Wednesday, November 30, 2022

Horrible Stuff

 Assalaamu alaykum wa Rahmatullahi wa Barakatuh.

Subhaan Allah, I lost myself again. Not the autopilot, disconnect I sometimes feel when I'm busy, but to a whole new level, wa audhu b'Illahi min ashaytaan irrajeem! 

I have been feeling lonely. I feel that nobody wants to know me, know how I feel, what I like, what I dislike, my struggles. I feel that everything is expected of me, and yet nobody sees that I am a human being with needs. I feel like everything falls on me. I have to make contact, reach out to others, make the effort, be proactive. I feel pressure upon me and despair under that pressure. 

Please take note that I keep saying, "I feel...". That means that there are people around me and in my life who love me, care about me as a person, and maybe even truly want to be part of my life and do things I enjoy. I just don't feel like there are. Astaghfirullah! I want to go for walks, I'm not going anywhere. I cannot even fathom how to get anyone to walk with me. Sad, but true, I feel like running away...to nowhere.  

Oh, I need to read my own blog! I need to not take it personally when other people's idea of love isn't the same as mine. I need to rationalize that people have their own lives and don't have time to focus on me or listen to me. I feel that I am not a priority to those I make my priority. Yes, I seriously need to read my own blog! But no man is an island and while I'm never alone with my Perfect and Precious Rabb to turn to, He Who knows me inside out, I feel lonely surrounded by family and friends. 

Anyone know this feeling?
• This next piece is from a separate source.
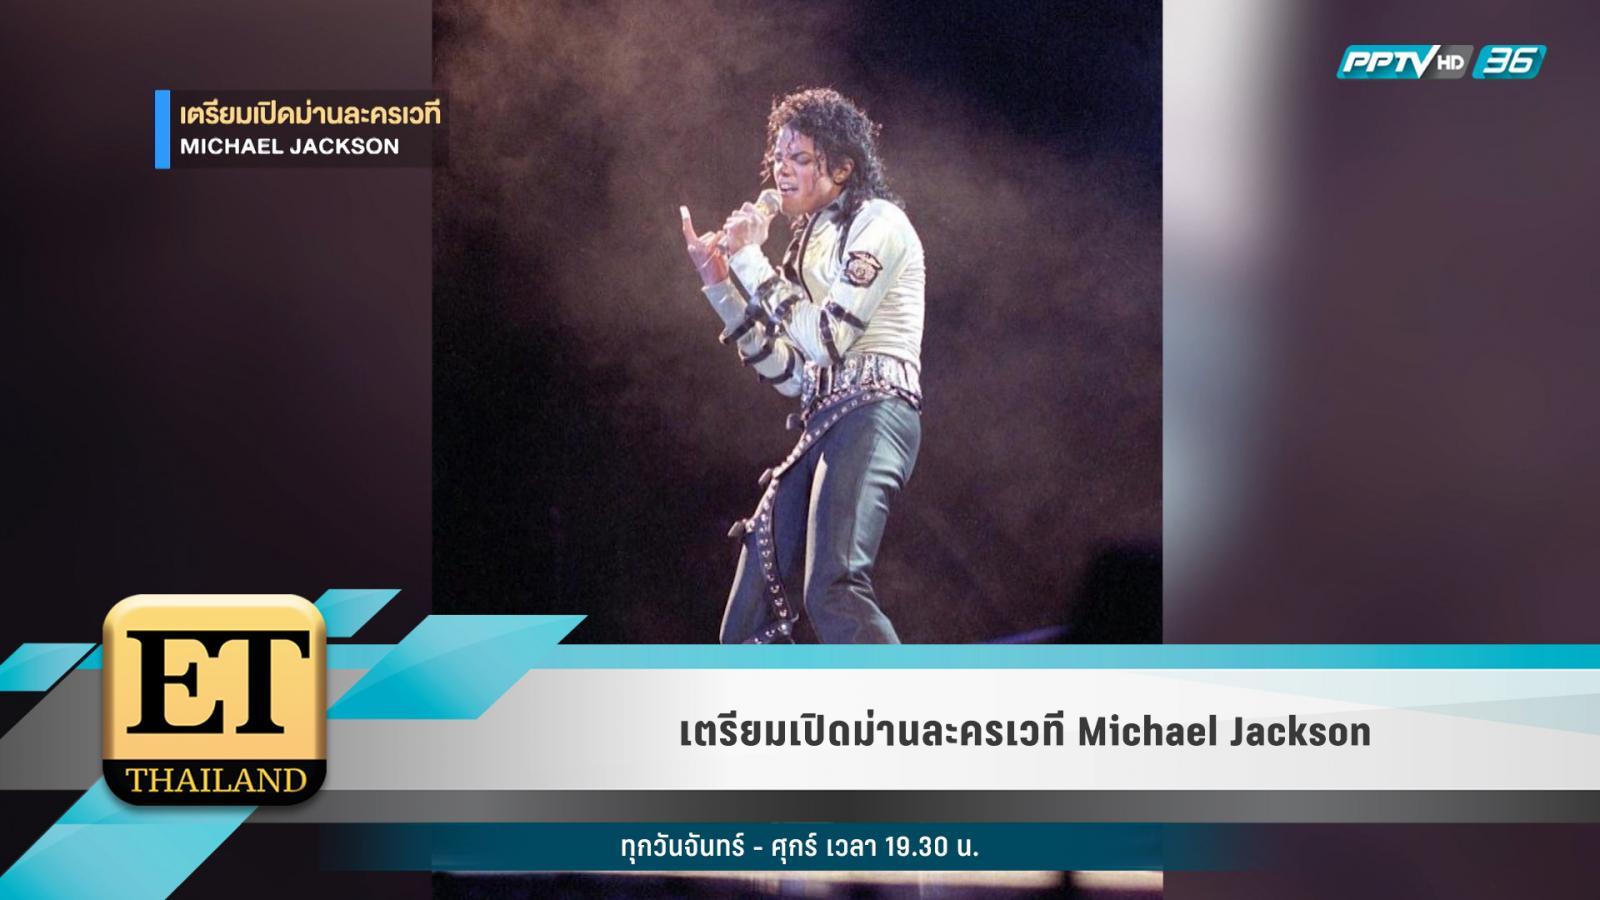 เตรียมเปิดม่านละครเวที Michael Jackson
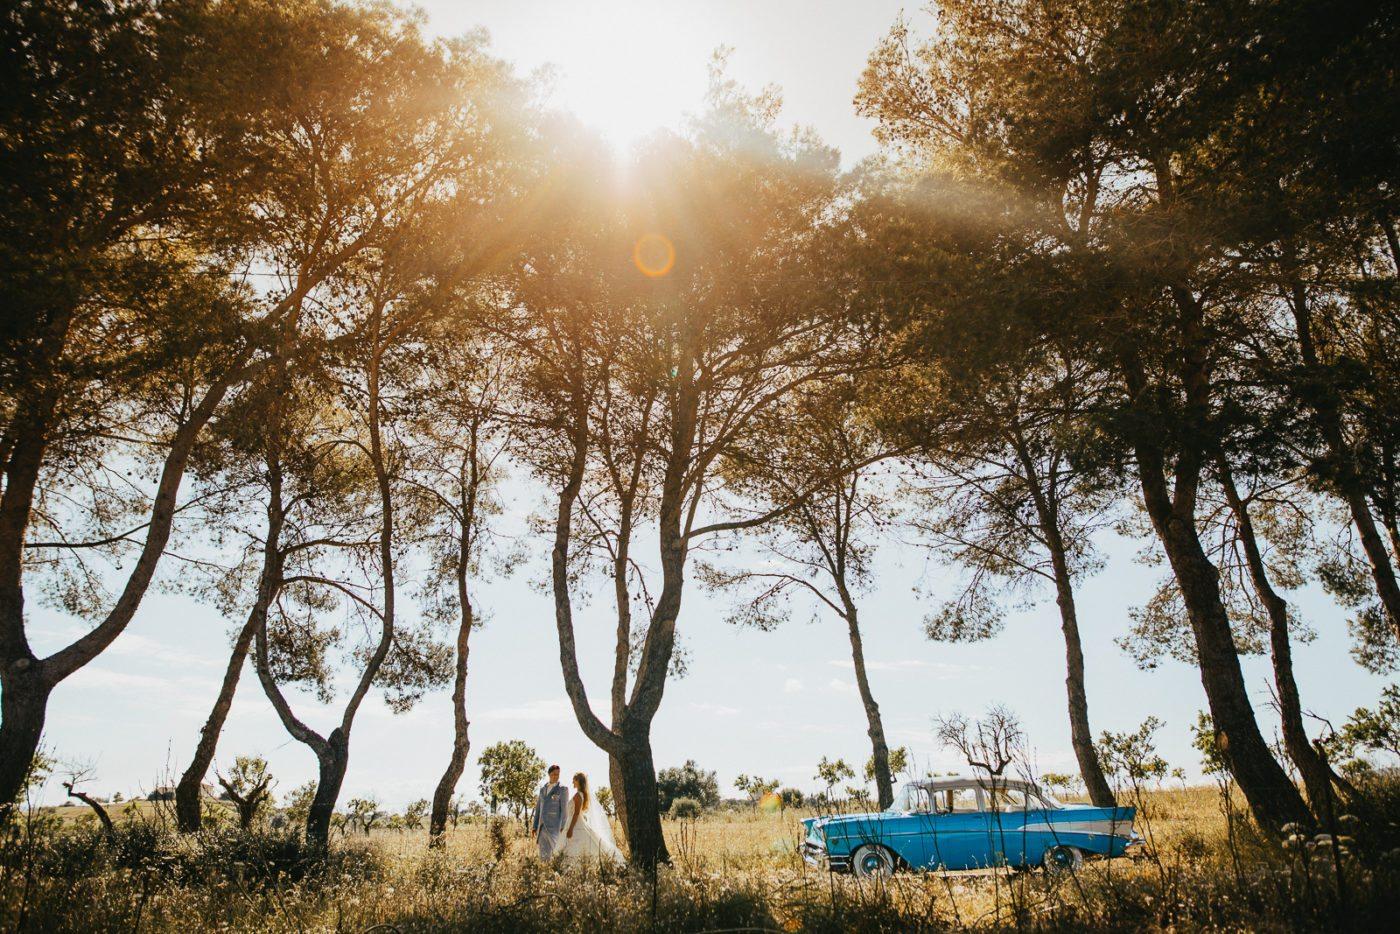 Das Hochzeitspaar in der Natur Mallorcas mit einem blauen Oldtimer als Hochzeitsauto

Well, I know I need to do things to set myself right. I just have to fight through to increase in my ibadah and turn to Allah. He is the one to set right my heart and mind, to set right my relationships. 

Inshaa Allah, I will post again with my progress on this. It's been going on for a long time, so when I find solutions, I'll share inshaa Allah. 

Much love!

Subhaan Allahi wa bihamdihi, laa illaaha ila Ant, astaghfiruka wa atoobu ilayk.